Using the above components, we created activities that can be used across K-12 and tertiary education to introduce students to fundamental concepts of geospatial technology. Specific learning objectives and activities covered are age appropriate in three case study groups—elementary/primary; middle/secondary; and tertiary. The program is also mapped to the national curriculum standards in Australia.
We used Bloom’s Taxonomy [43] in our pedagogical approach to encourage learning that goes far deeper than the simple pleasure of flying. As any scientist who uses drones for data capture will attest to, the manual flight component of a project is miniscule when compared to the essential tasks of planning the mission and evaluating the data. With a problem-based learning approach, the program allows students to progress through the Taxonomy from remember to understand, apply, analyse, evaluate, and finally to the highest order to create new ideas, thoughts, and processes.
We designed the ‘real-world’ problem-based scenario specifically to exploit the benefits of collaborative community and create an authentic learning environment [29]. We scaffold the task with the drone mission components mentioned above:
  • Safety—All students regardless of age or education level are required to undertake a pre-flight safety check. Our safety checklist is freely available within the Epicollect5 mobile application by searching ‘minidrone’. We use this to guide students through a discussion about where and how to operate their drone safely and legally.
  • Flight Planning—We set up a large cloth floor mat of a satellite image in a local area. It is also possible to use Lego or similar to create the impacted township. Students review the area and sketch a conceptual design of their flight plan. They then use the mobile applications Tynker [44] (for Parrot Mambo), Tello EDU [45] or DroneBlocks [46] (for DJI Tello) to program their drone to conduct an autonomous mission and capture the data. It is also possible to use Scratch, Python, or JavaScript to program the drone.
  • Evaluate—Students evaluate how effective their code was in making the drone fly according to their mission, make adjustments to their plan, and re-fly if required.
In order for the program to be successful and challenging to students of varying ages and experiences, we have tailored aspects of the general framework accordingly. It is important to recognize that these activities can be undertaken by a confident classroom teacher, but we are also advocating for other scientists and industry professionals to use our framework to get involved with their local schools.

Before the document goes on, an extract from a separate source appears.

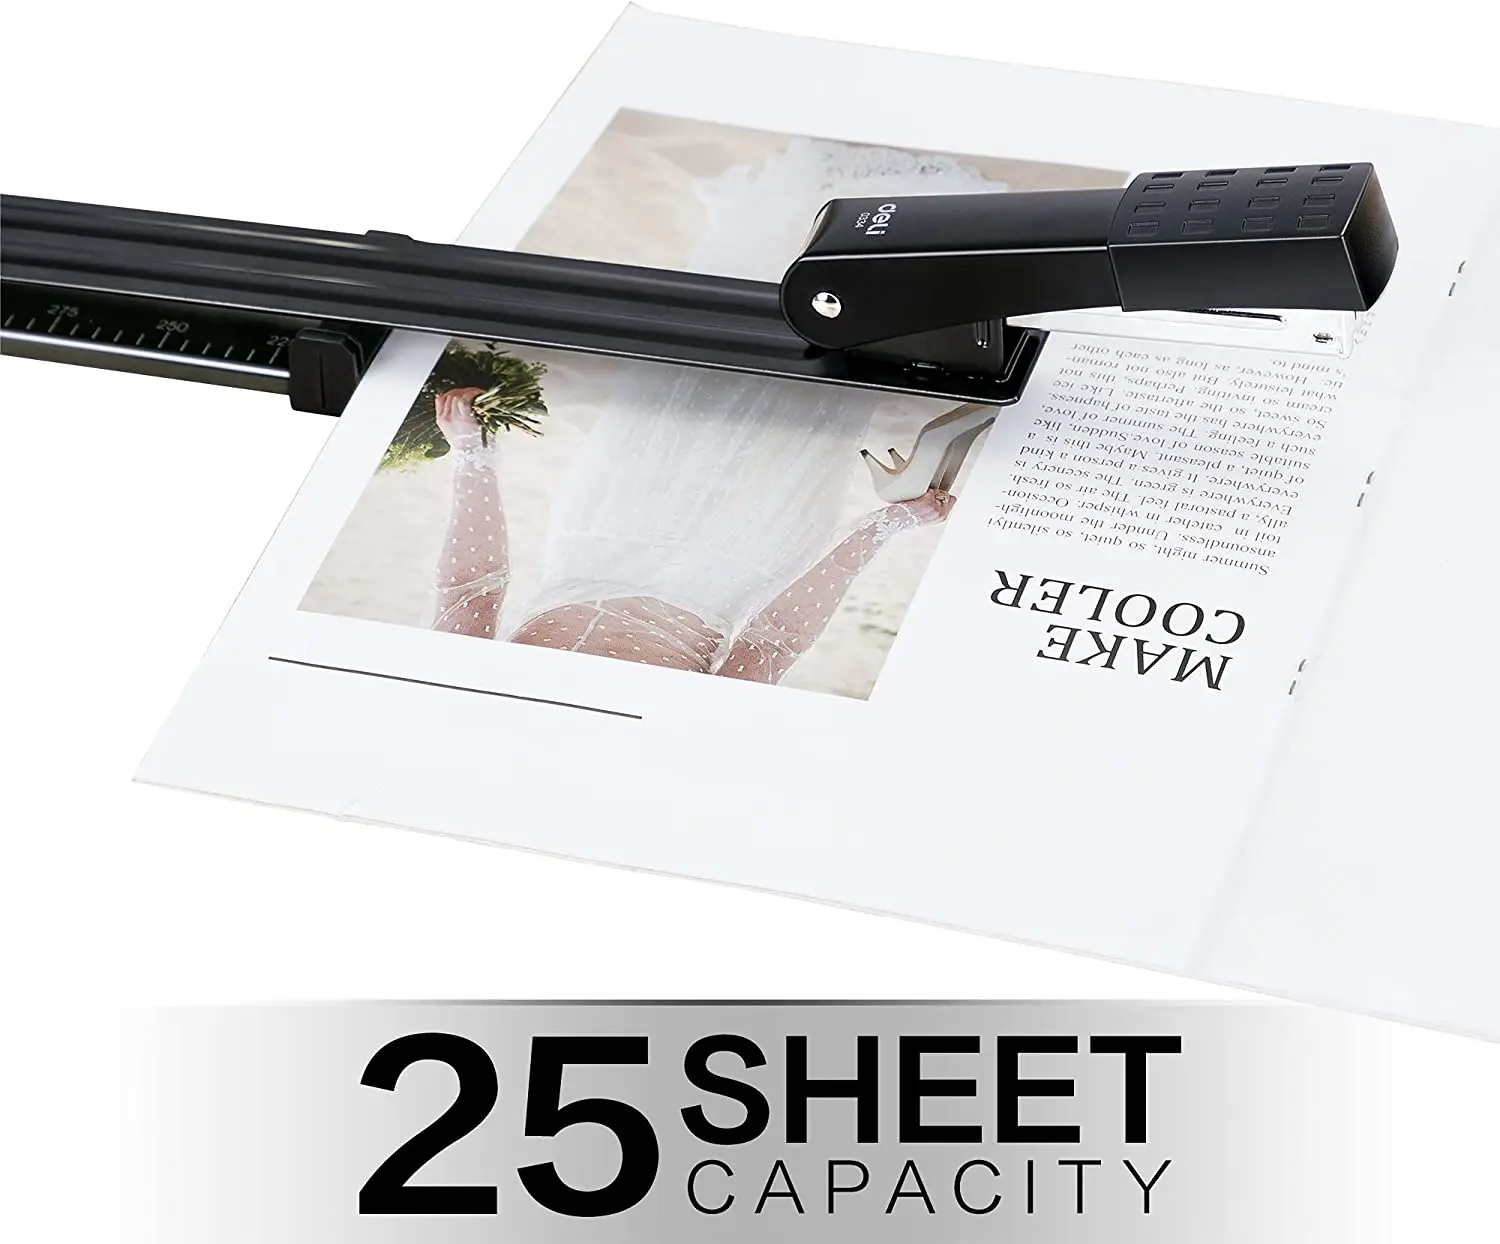 Long Reach Stapler, 25 Sheet Capacity, Long Arm Standard Staplers for Booklet or Book Binding, Black

4.1.1. Elementary/Primary Education

Youngest students focus on personal safety and responsibility rather than federal aviation regulations. High adult to student ratios for supervision are also critical. We introduce block coding with upper primary/elementary students, and practice manual flight with the younger grades. Manual flight is used to improve fine motor skills and spatial visualization [28], as well as to ensure students begin to understand basic flight operations.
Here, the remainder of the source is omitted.